Optimized Ni Al O hole transport layer for silicon solar cells.

作者信息

Halilov S, Belayneh M L, Hossain M A, Abdallah A A, Hoex B, Rashkeev S N

机构信息

Qatar Environment and Energy Research Institute (QEERI) Doha Qatar

School of Photovoltaic and Renewable Energy Engineering, University of New South Wales Sydney New South Wales Australia.

出版信息

RSC Adv. 2020 Jun 11;10(38):22377-22386. doi: 10.1039/d0ra02982c. eCollection 2020 Jun 10.

DOI:10.1039/d0ra02982c
PMID:35514602
原文链接:https://pmc.ncbi.nlm.nih.gov/articles/PMC9054645/
Abstract

NiO alloyed with aluminum, Ni Al O, is analyzed in terms of its stoichiometry, electronic and transport properties, as well as interfacial band alignment with Si to evaluate its potential use as a hole transport layer (HTL) in p-i-n type solar cells. The analysis is based on component material and slab structural simulations, as well as simulated and measured angle-resolved valence-band photoemission spectroscopy (PES) data, in order to reveal the best suitable stoichiometry. It is concluded that the ionization energy from the highest occupied states tends to increase with Al content as the simulated work function grows from 4.1 eV for pure NiO to 4.7 eV for heavily alloyed AlNiO. The electronic structure as a function of the interface design between crystalline silicon and the transport layer is used to assess the band lineup and its correlation with the discontinuity of the affinities. The affinity rule is tested by evaluating the workfunctions of the component layers and justified best for a particular Ni-enriched interface design. Technology Computer-Aided Design (TCAD) device simulations show, that the band offset between oxide and crystalline silicon remains within the range of values to sustain a staggering alignment - a condition suitable for effective charge separation, similar to a situation in a tunneling diode. The self-energy of the hole carriers is estimated by contrasting simulated and measured photoemission data, which in the case of non-annealed Al-rich samples is shown to be an order of magnitude higher due to the disorder effects. The work functions derived from the measured PES data for the epitaxially grown oxide films with nearly identical alloy stoichiometry correlate well with the simulated values.

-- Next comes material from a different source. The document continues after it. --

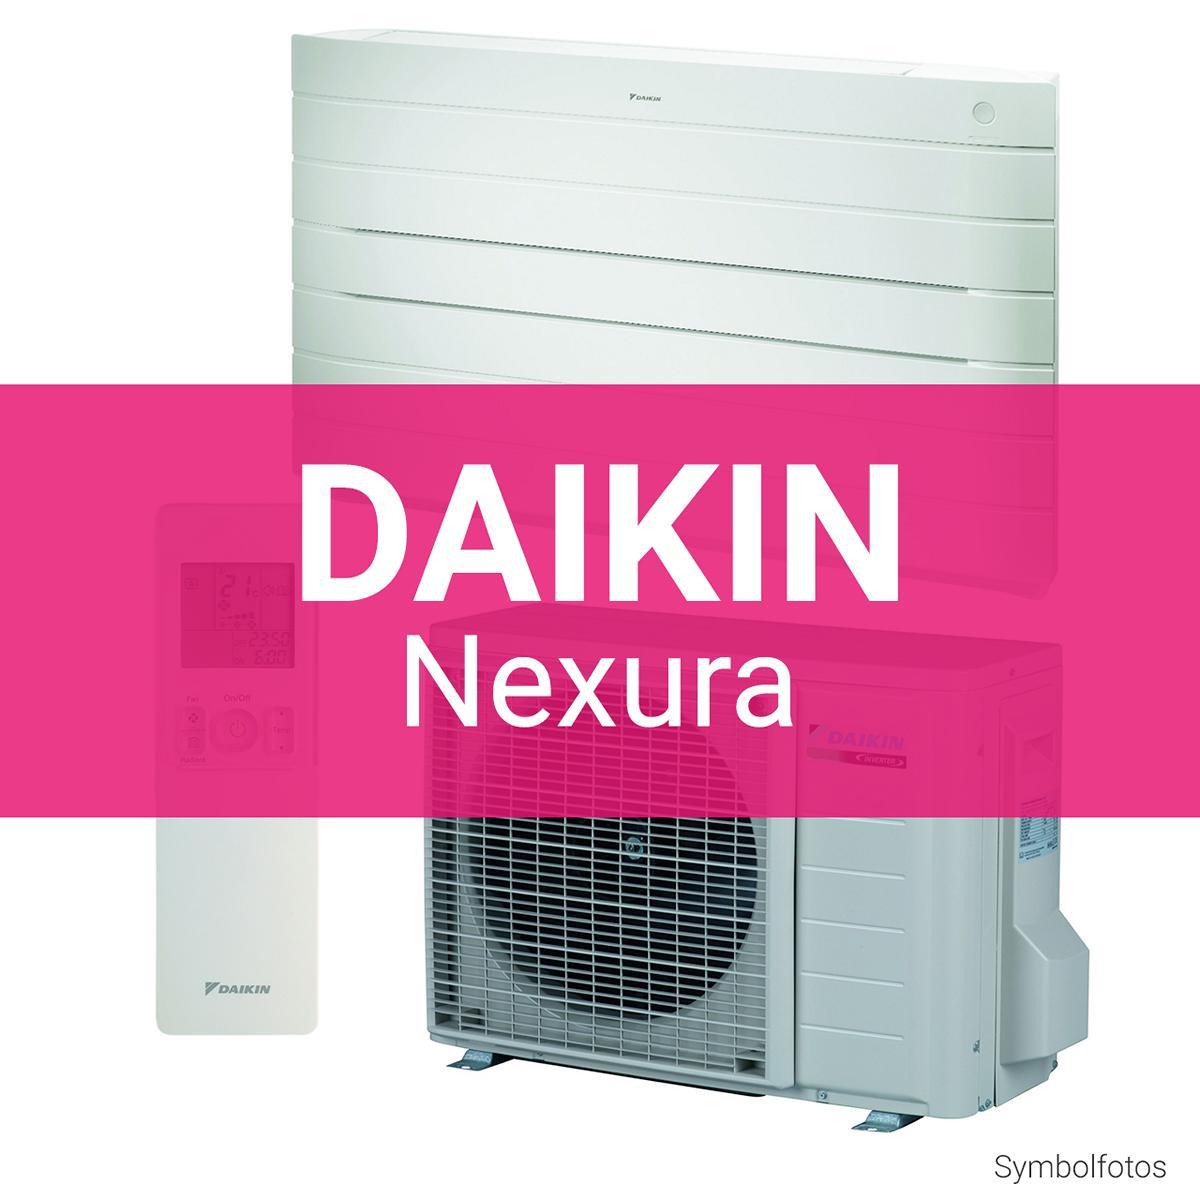 Daikin Nexura R410A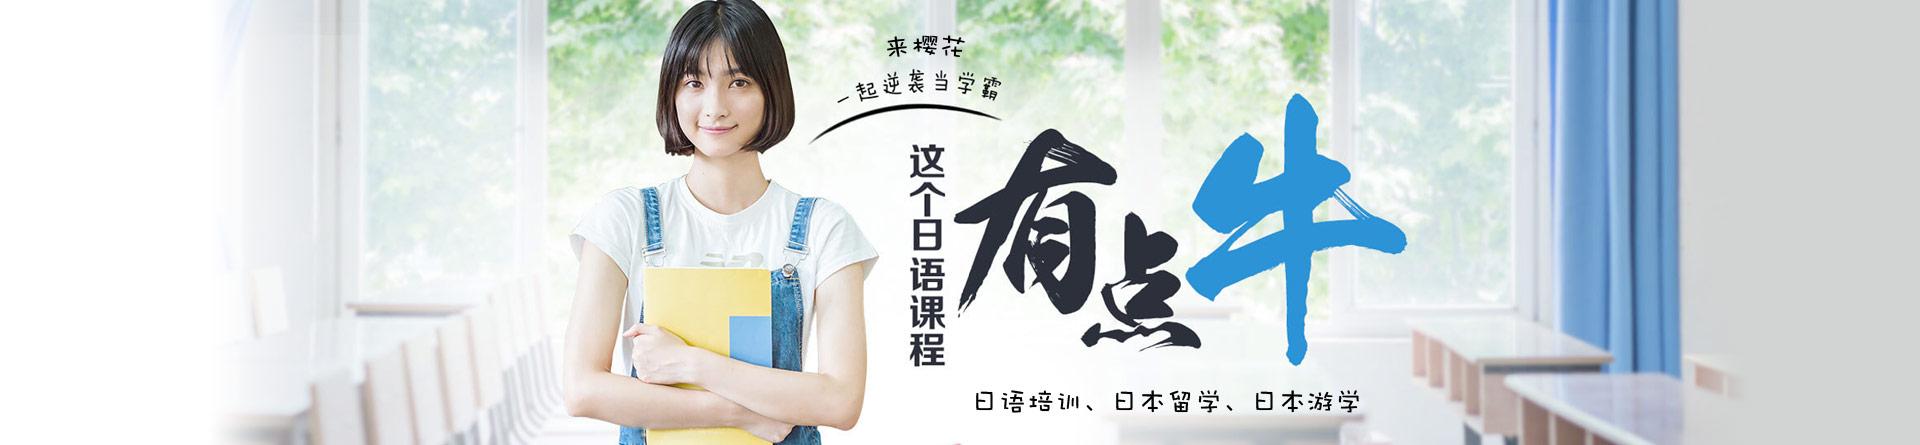 南宁樱花国际日语培训学校

The findings suggest that the optimal HTL is formed by starting with a pure Ni layer, followed by a graded doping Al Ni O, with high at contact/oxide interface and low at the oxide/semiconductor.

摘要

与铝合金化的氧化镍(NiAlO),从其化学计量、电子和输运性质以及与硅的界面能带排列方面进行分析,以评估其作为p-i-n型太阳能电池中空穴传输层(HTL)的潜在用途。该分析基于组成材料和板结构模拟,以及模拟和测量的角分辨价带光电子能谱(PES)数据,以揭示最合适的化学计量。得出的结论是,随着模拟功函数从纯NiO的4.1 eV增长到重合金化AlNiO的4.7 eV,最高占据态的电离能倾向于随着Al含量的增加而增加。作为晶体硅和传输层之间界面设计函数的电子结构用于评估能带排列及其与亲和性不连续性的相关性。通过评估组成层的功函数来检验亲和性规则,并且对于特定的富Ni界面设计最合理。技术计算机辅助设计(TCAD)器件模拟表明,氧化物和晶体硅之间的能带偏移保持在维持交错排列的值范围内——这是一种适合有效电荷分离的条件,类似于隧道二极管中的情况。通过对比模拟和测量的光电子能谱数据来估计空穴载流子的自能,在未退火的富Al样品中,由于无序效应,其显示出高一个数量级。从具有几乎相同合金化学计量的外延生长氧化膜的测量PES数据得出的功函数与模拟值相关性良好。研究结果表明,最佳的HTL是通过从纯Ni层开始,然后是渐变掺杂的AlNiO形成的,在接触/氧化物界面处高,在氧化物/半导体处低。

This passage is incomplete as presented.